The University of Tulsa, in collaboration with Oklahoma State University and University of Oklahoma chemistry faculty, has been awarded an Established Program to Stimulate Competitive Research grant from NASA to develop solar cells for the NASA Artemis moon mission. This award totals $750,000 over three years, of which TU will receive $135,000.
“Our team at TU will be working on the electrical characterization of the solar cells fabricated explicitly for the conditions on the moon,” said Parameswar Hari, professor of physics in the Oxley College of Health & Natural Sciences and a subcontractor on the project. “We will predict the optical and electrical properties of perovskite solar cells from simulation studies and validate them by conducting experiments in the lab.”
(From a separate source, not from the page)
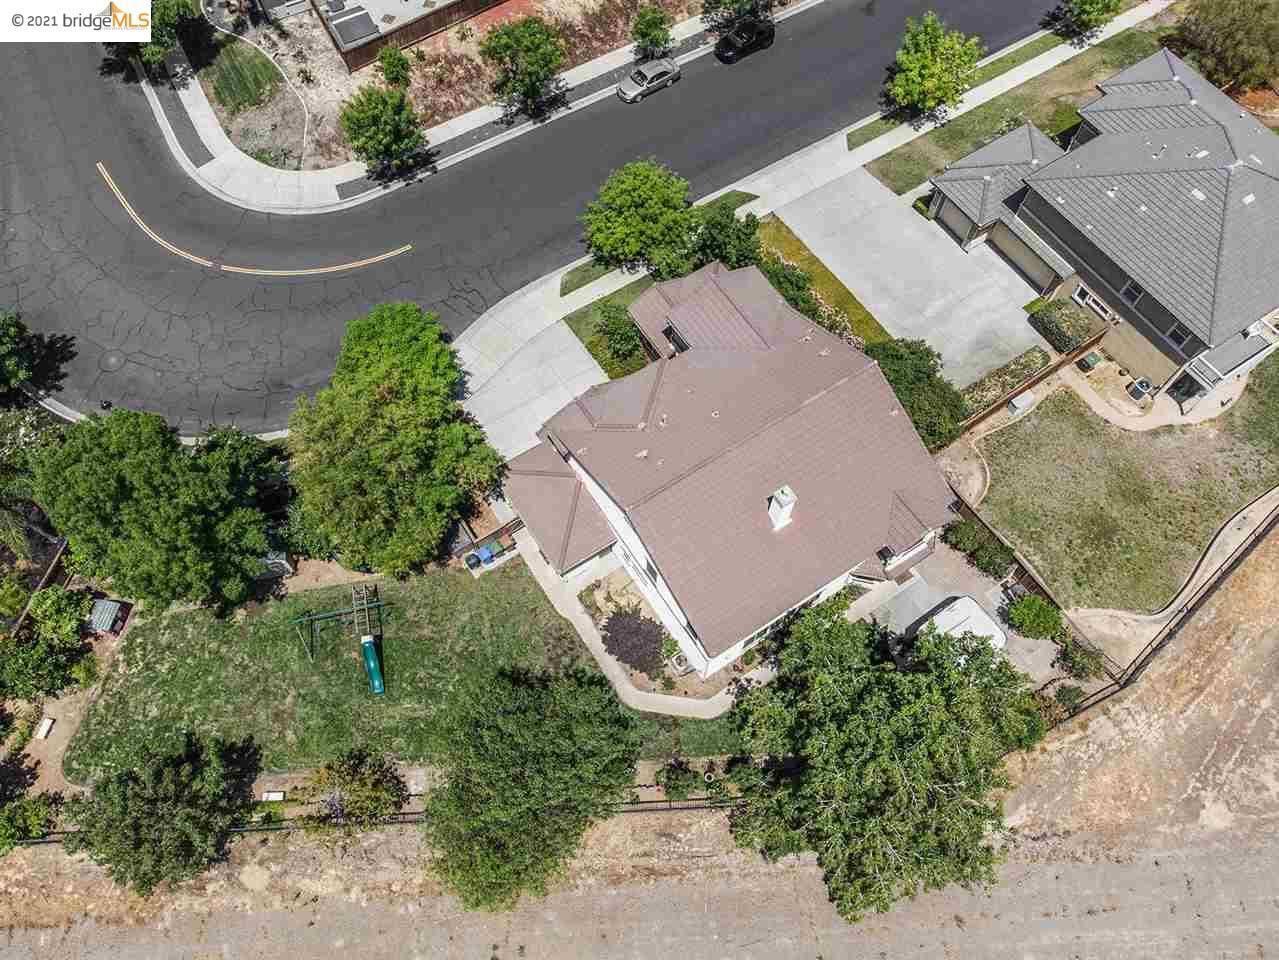 364 Pebble Beach, Brentwood, CA 94513

The goal of the study is to demonstrate that perovskite solar cells prepared by vacuum thermal evaporation (VTE) are suitable for the moon-based fabrication process. Metal halide perovskites are a material of considerable interest in solar cell applications due to their rapid increase in power conversion efficiency. The work done at TU will focus on calibrating and testing high-grade perovskite solar cells fabricated by VTE before and after proton irradiation for efficiency changes and stability before and after irradiation.
“In 2025, NASA is set to resume human missions to the moon under the Artemis project,” Hari said. “Our research will develop a method to produce high-efficiency solar cells that can be fabricated and assembled on the moon.”